Task description
Take the entries below and reproduce exactly the portion that begins at the line containing "土本観光果樹園 site" and ends at the line containing "Bk Gift Kişiye", keeping both ends, dropping pictures, and adding nothing else.

Data
----------------
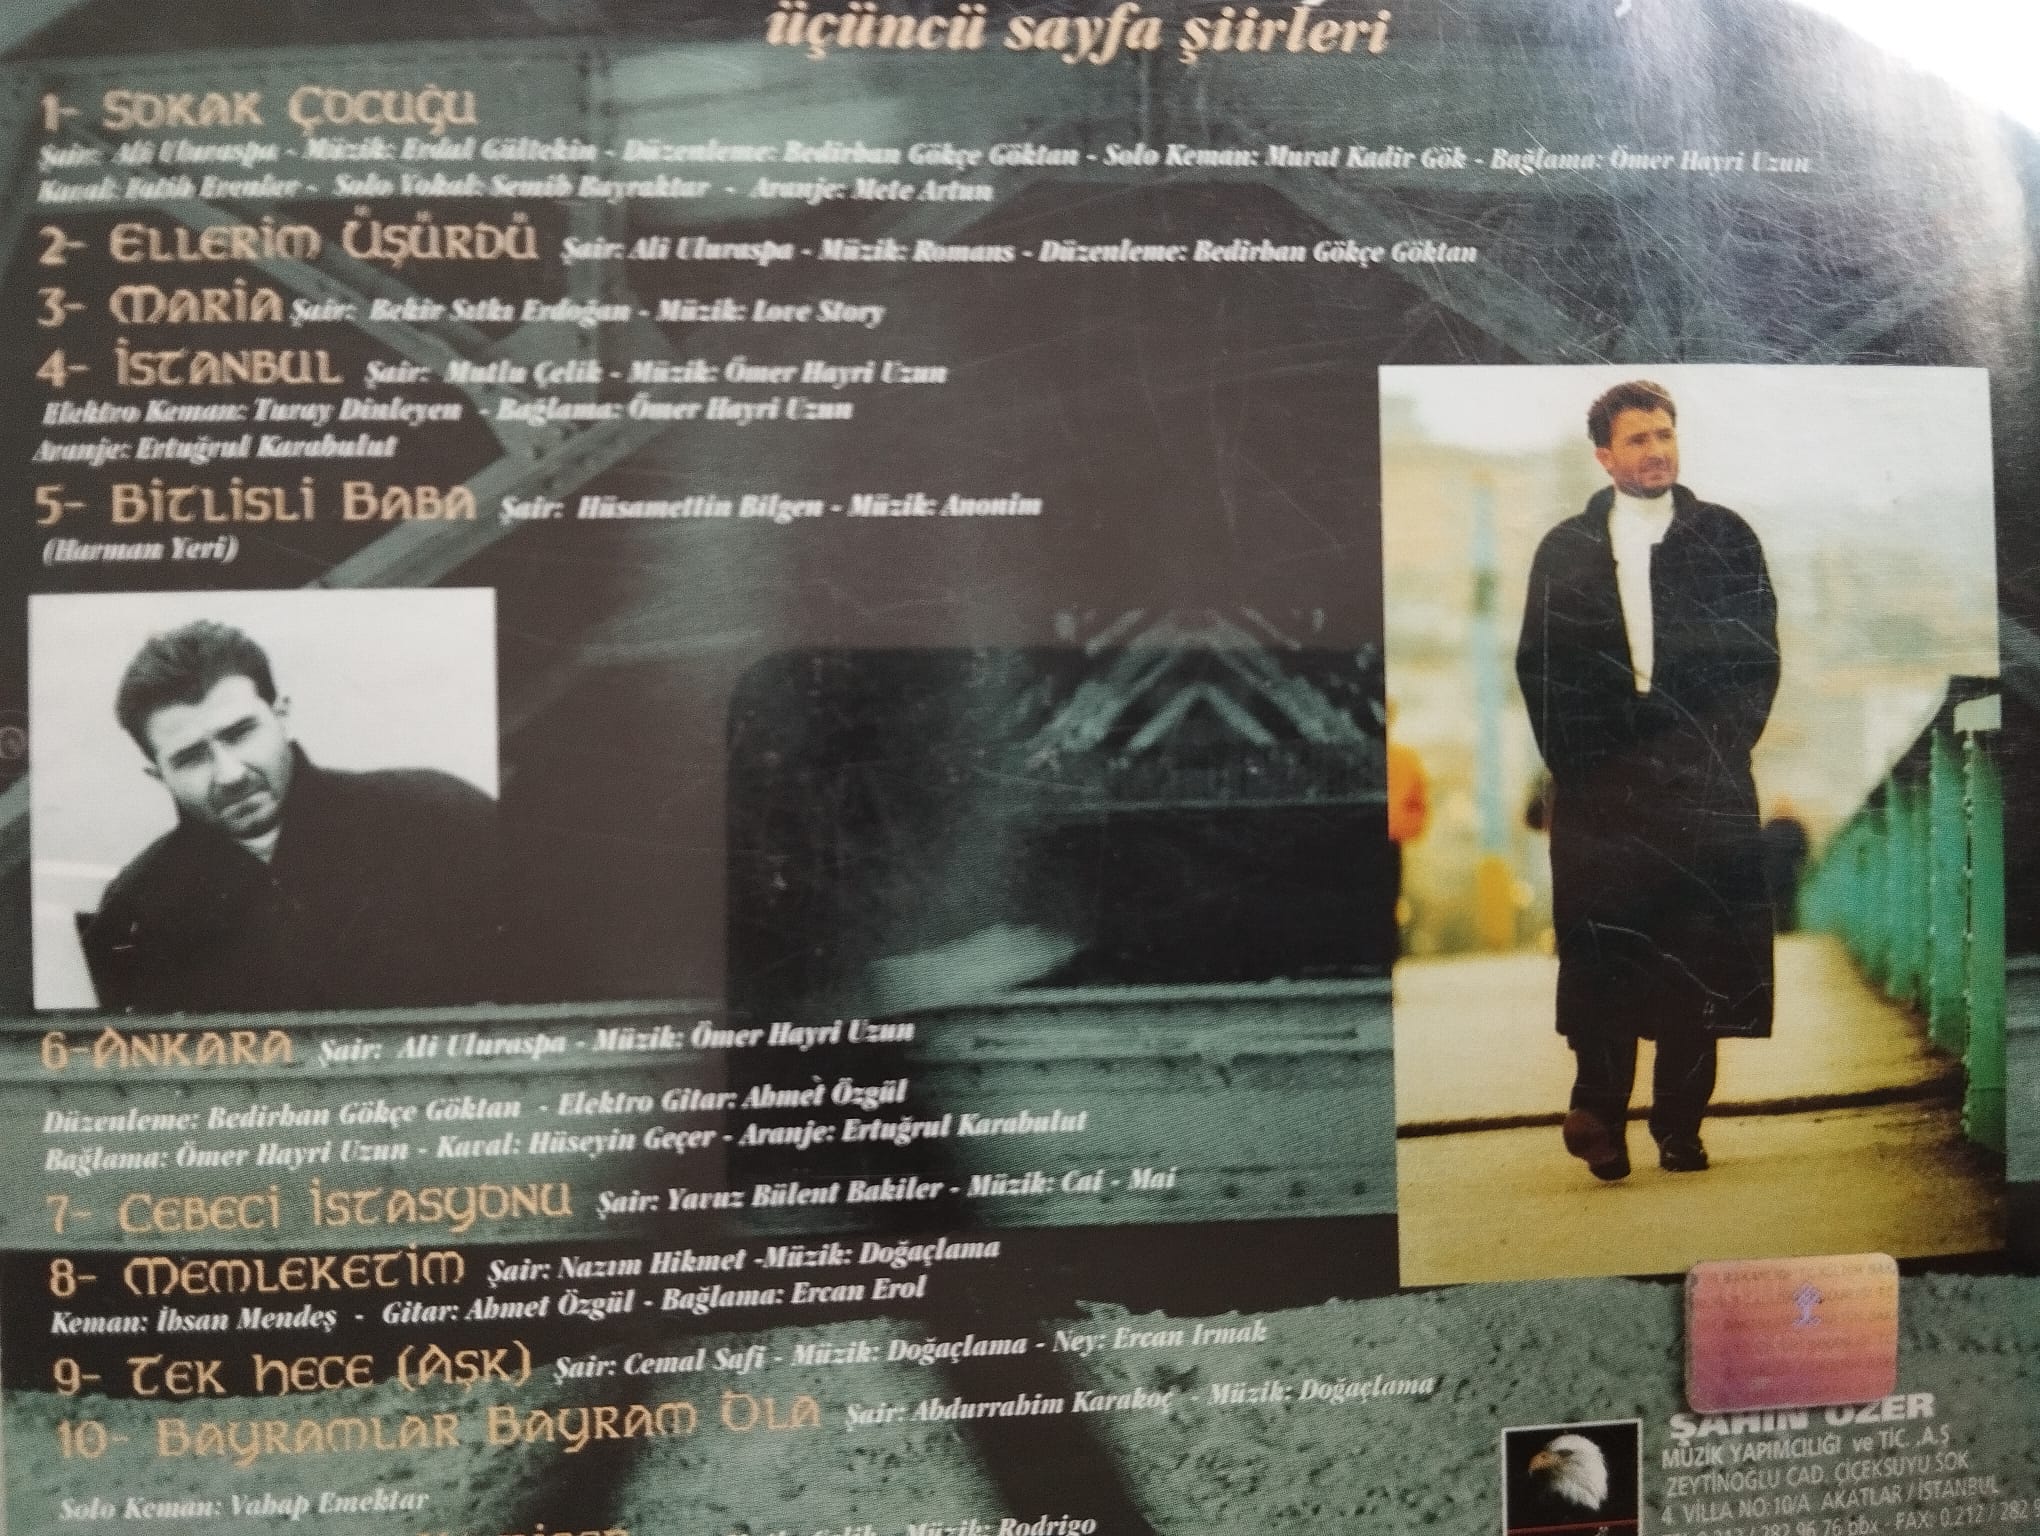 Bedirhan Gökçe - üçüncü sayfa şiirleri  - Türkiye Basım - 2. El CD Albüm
----------------
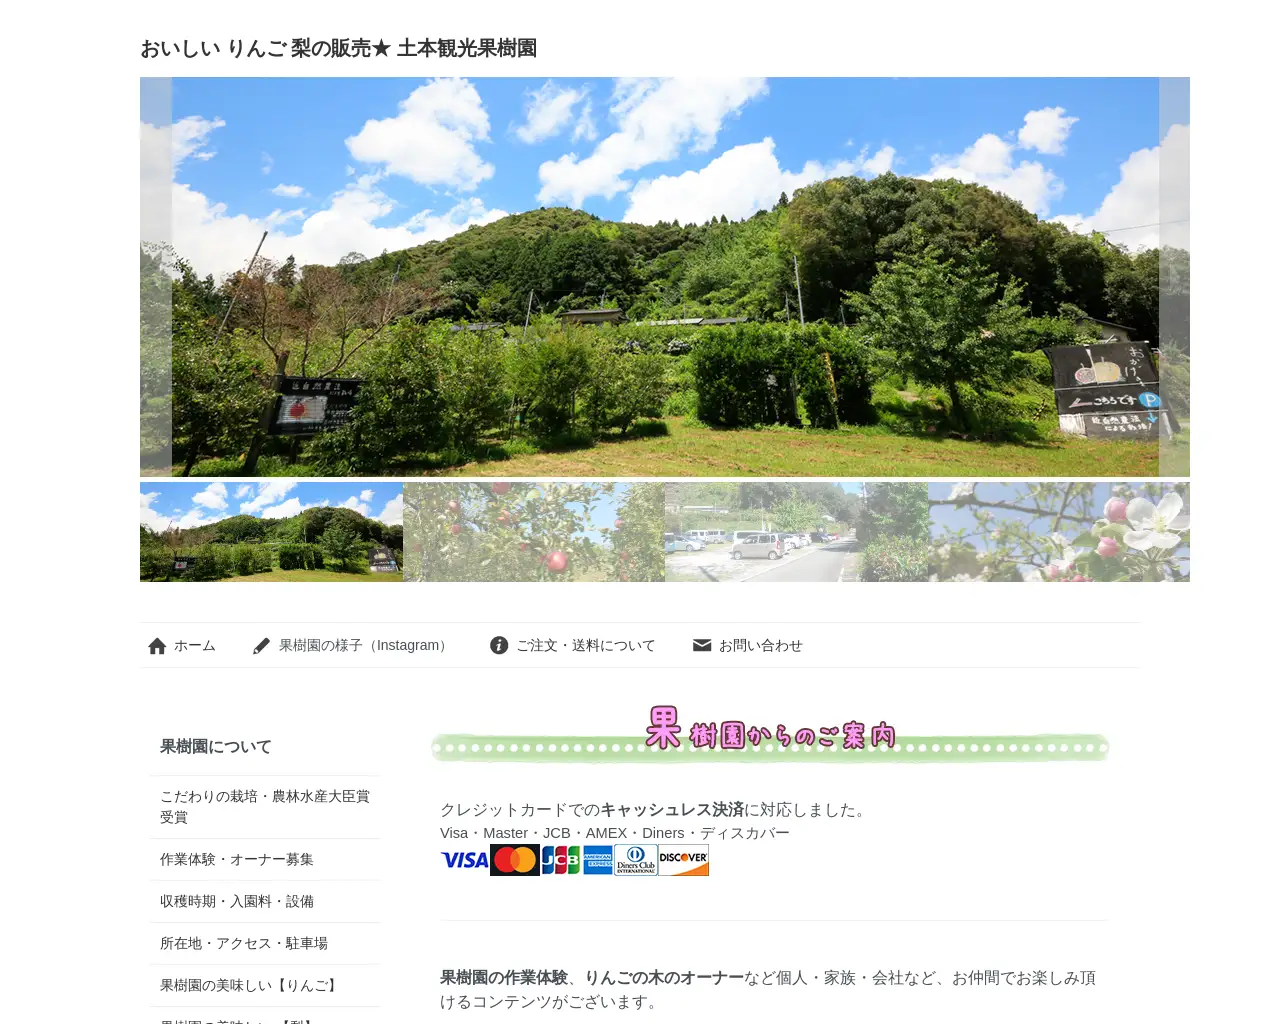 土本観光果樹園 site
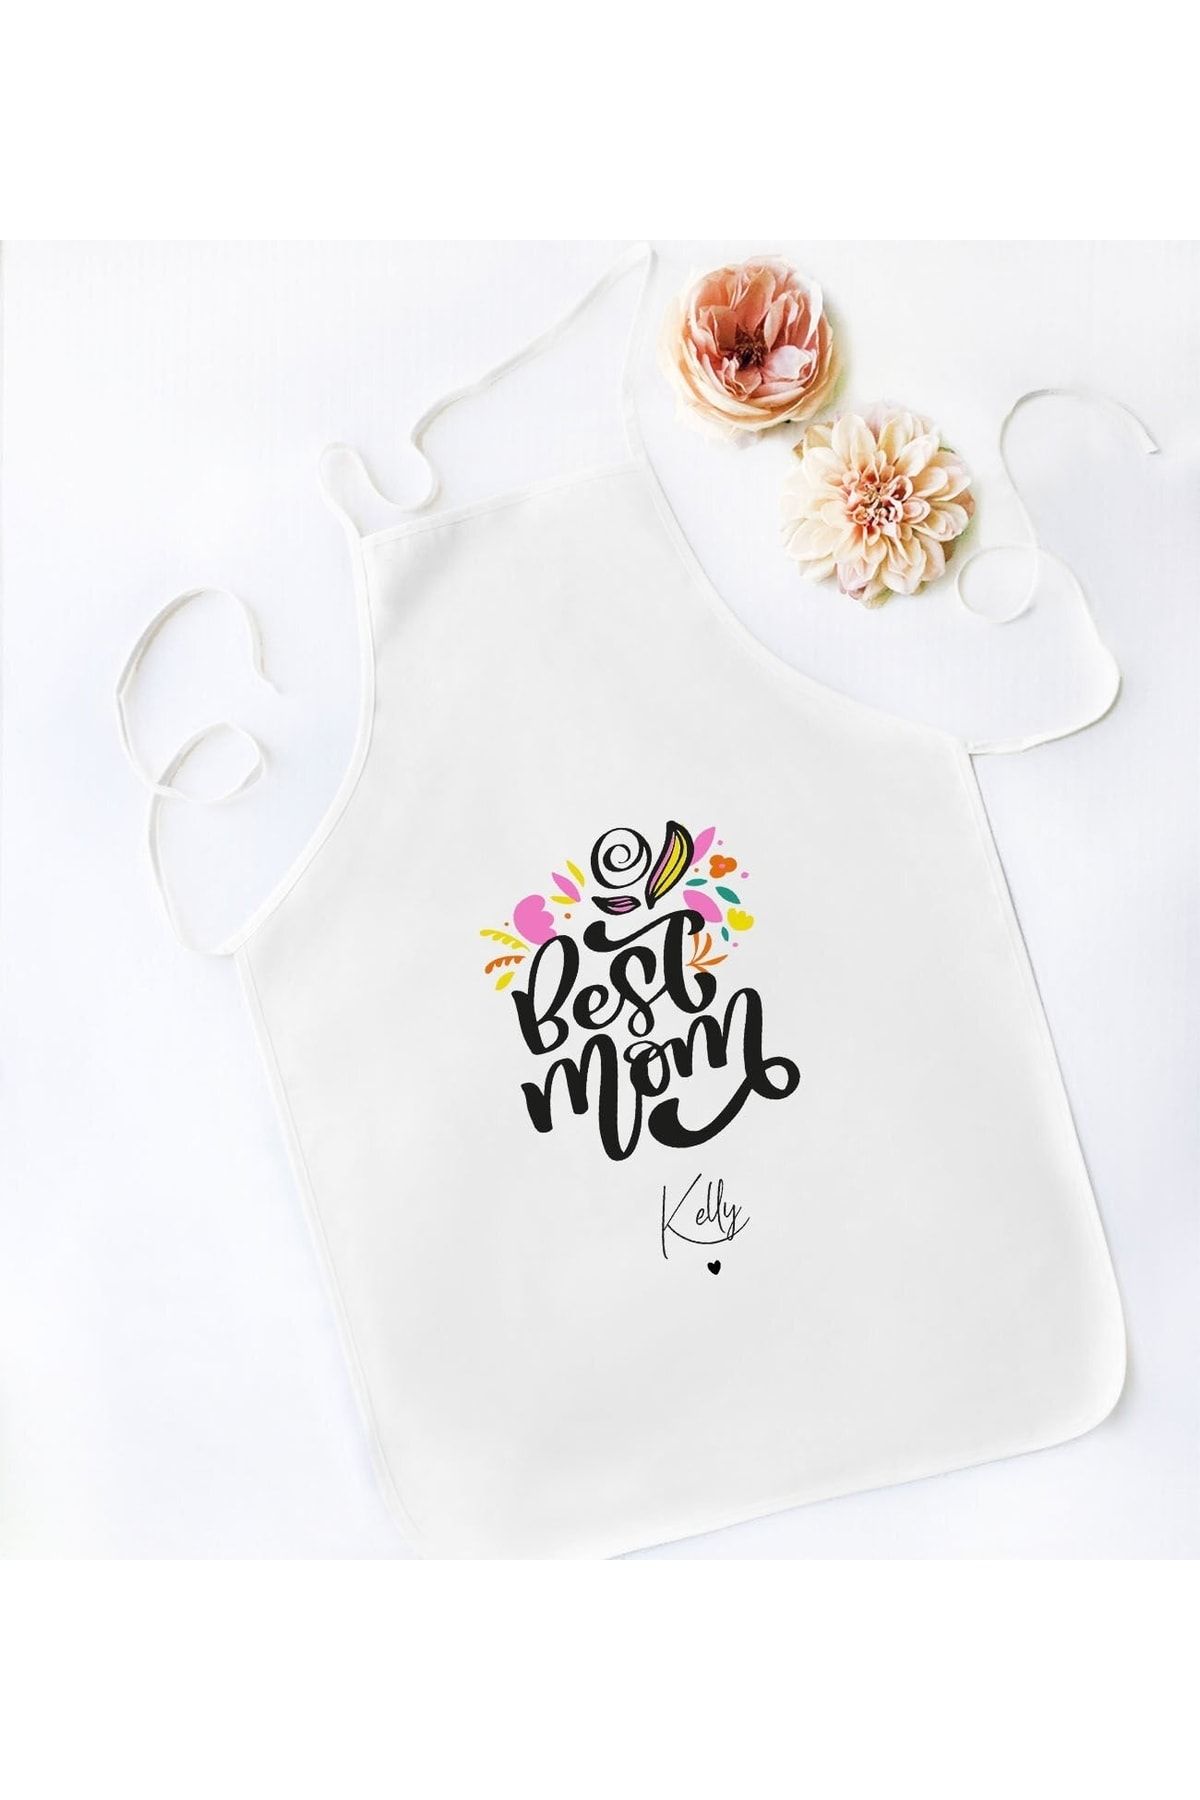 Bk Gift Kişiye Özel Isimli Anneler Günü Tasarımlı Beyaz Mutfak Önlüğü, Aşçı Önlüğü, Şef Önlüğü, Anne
----------------
Result for this exercise
 土本観光果樹園 site
 Bk Gift Kişiye Özel Isimli Anneler Günü Tasarımlı Beyaz Mutfak Önlüğü, Aşçı Önlüğü, Şef Önlüğü, Anne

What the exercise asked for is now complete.